En insistant sur la taxation des multinationales du numérique quitte à adopter une "Taxe Gafa" discriminatoire, la France veut protéger ses revenus fiscaux en provenance du CAC 40, dont les membres sont pratiquement inactifs dans le numérique. Grâce notamment à l'action de l'administration Trump, le consensus international se dirige pourtant inéluctablement vers une redistribution mondiale des bénéfices là où ils sont gagnés, qu'ils soient issus de la vente de véhicules automobiles, de sacs de luxe, de téléphones portables ou de services numériques. Gêné par cette harmonie qui aura pour conséquence un transfert partiel des taxes de Renault, Airbus ou LVMH vers la Chine, les Etats-Unis, l'Inde ou la Corée, Bruno le Maire s'obstine à ne vouloir redistribuer que les revenus numériques, domaine où la France est inexistante.

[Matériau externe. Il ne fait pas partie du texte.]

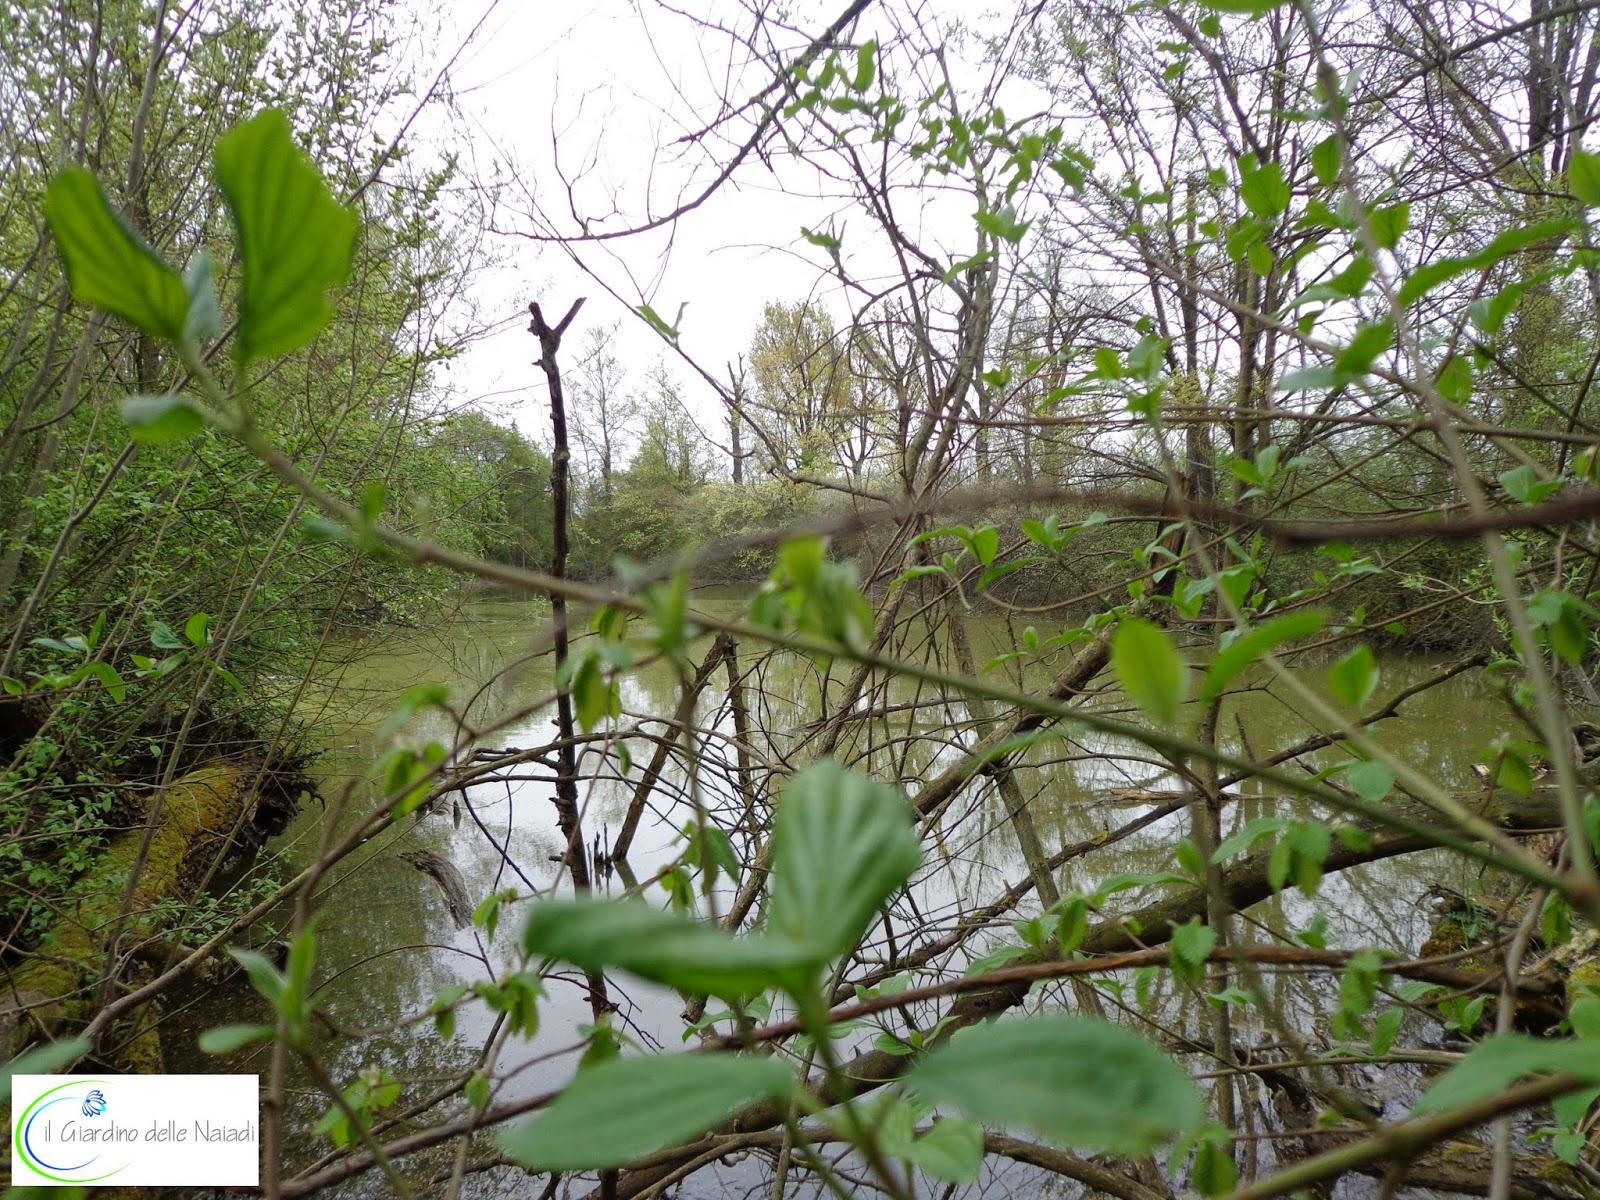 Il giardino delle naiadi abitanti dello stagno idrofilo for Ecosistema dello stagno

Bruno le Maire veut le beurre et l'argent du beurre : "je veux taxer Google, je ne veux pas que les Chinois taxent Louis Vuitton" avait-il déclaré, en anglais, lors du Conseil Ecofin de Vienne fin 2018. Pourtant aujourd'hui, pour se défendre des attaques de la Maison Blanche contre le texte adopté par la France pour taxer Google et les autres services numériques, Bruno le Maire affirme que la Taxe Gafa ne serait pas discriminatoire à l'encontre des sociétés américaines ! Il n'y a «absolument aucune discrimination dans la taxe nationale française» a-t-il déclaré samedi. Vu sous cette perspective, et après des mois d'agacement de l'administration américaine, les menaces de rétorsion de Donald Trump contre les produits français, et en particulier le vin, sont loin d'être le fruit d'une saute d'humeur : le chiffre d'affaires de LVMH dans le secteur du vin et des spiritueux était de 5,1 milliards d'euros en 2018 ! Ce secteur représente 1/9ème des ventes du groupe, et 1/6ème des résultats opérationnels : autrement dit, la marge y est bien meilleure que celle de la maroquinerie.
Refondation de l'Europe
Le fait est que le gouvernement français aura du mal à se défaire de la colère de Donald Trump, et à lui prouver le caractère non discriminatoire de sa taxe sur les services numériques. Il suffit de reprendre les discours officiels de la France depuis 2017 pour se convaincre que c'est bien les géants du numérique américains qu'il s'agit de cibler avec cette mesure. “Nous ne pouvons pas accepter d’avoir des acteurs européens qui sont taxés et des acteurs internationaux qui ne le sont pas, des acteurs du numérique qui n’ont aucune taxe et qui viennent concurrencer des acteurs de l’économie traditionnelle qui, eux, la paient” avait déclaré Emmanuel Macron à l'occasion de son discours sur la refondation de l'Europe à la Sorbonne le 26 septembre 2017. Quelques mois plus tard, Bruno le Maire abondait dans le sens présidentiel, en expliquant que le projet de taxe sur les services numériques au niveau européen "est, aussi, une question de justice fiscale. Les géants du numérique payent 14 points d’impôts de moins que les PME européennes. Que ces entreprises paient moins d’impôts en France qu’une très grosse boulangerie ou qu’un producteur de fromages du Quercy, cela me pose un problème.” Il opposait donc bien les sociétés européennes et "géants du numérique". Géants du numérique qui sont pour l'essentiel américains et connus sous les acronymes "GAFA" ou "GAFAM".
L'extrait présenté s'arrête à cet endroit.